Author Han took the honor of becoming the first awardee of the prize since it included translated works in its reviewing process from this year. In Tuesday’s awards ceremony in London, Han shared her joy with Deborah Smith, who seamlessly translated the Korean novel into English.

Her award-winning serves as a catalyst for Korean literature, which has long lost the vitality it was so proud of. Her amazing achievement will help regain the reputation of our literature — once staunch yet rapidly declining since controversies arose over author Shin Kyung-sook’s plagiarism — and turn around our literature market long dominated by foreign novels. We welcome her winning the distinguished prize as it affirmed the power of our literature despite critiques’ declaration that it is dead. Her award also means the expansion of the Korean Wave — mostly focused on television dramas and pop songs — to literature.

“The Vegetarian” has drawn a line in the globalization of Korean literature. It proved that our novels can be read in foreign countries beyond language barriers. It also confirmed the significance of translation, as seen by the pivotal role Deborah Smith played in a beautiful translation of the original novel into English. Author Han said she was very lucky to see a good translator and that she will get familiar with such translations soon.

Korean literature is undergoing a generational shift. The first generation mostly hailed from a group of foreign professors who studied Korean literature, but now most of them come from younger foreigners who are increasingly accustomed to the Korean Wave.
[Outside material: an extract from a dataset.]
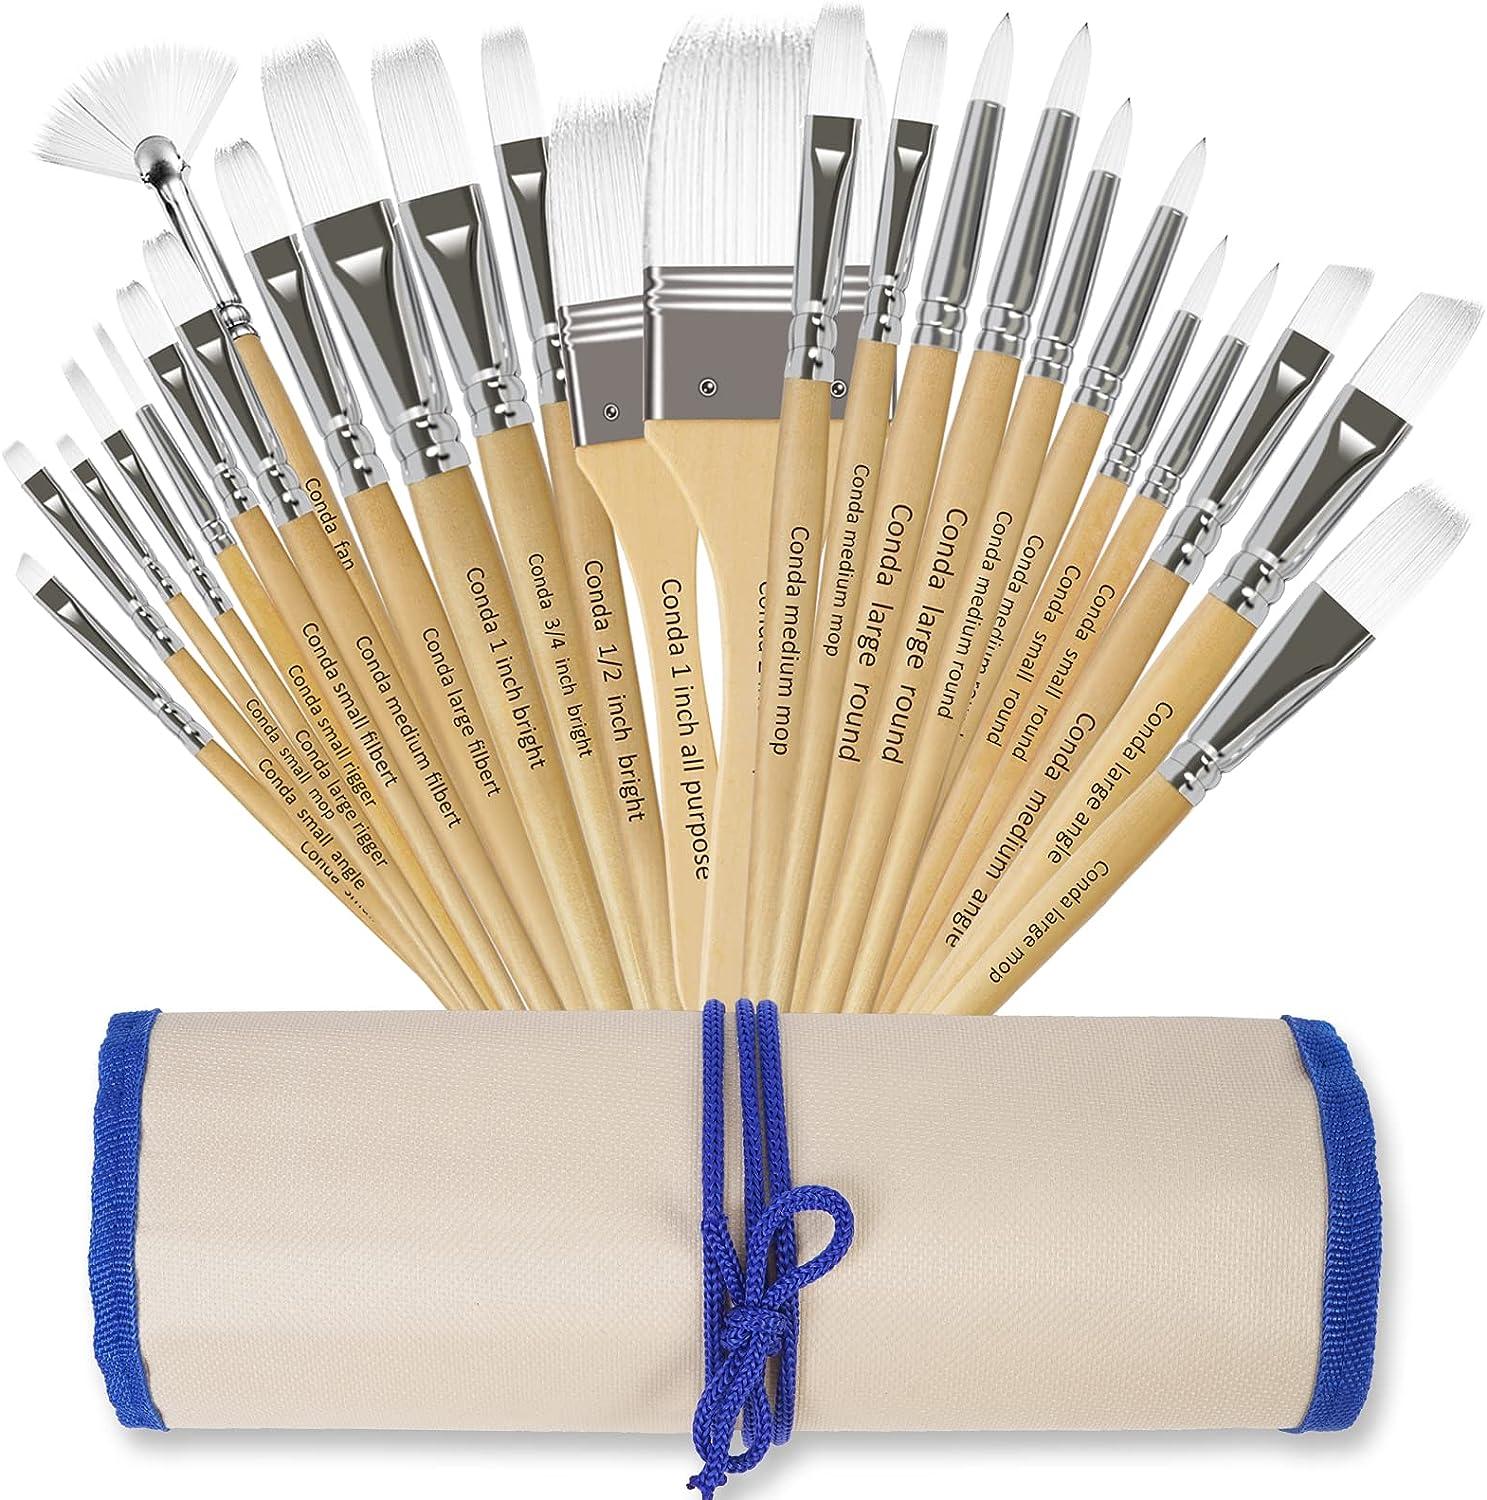 CONDA Paint Brushes Set of 24 Different Shapes Ergonomic Professional Wood  Handles with Organizing Case for Acrylic Oil Watercolor, Rock Painting

Smith, the translator, is not an exception: She first studied English literature, but finished a doctoral course in Korean literature after falling in love with it.

“The Vegetarian” also received financial support from the Literature Translation Institute of Korea which was established in 2001 to help raise qualified translators. If we want to see more writers like Han in the future, we must foster native translators in a systematic way. Asia’s famous Nobel laureates — Turkish writer Ferit Orhan Pamuk and Chinese writer Mo Yan, for instance — could all attain internationally recognition thanks to their dedicated native translators.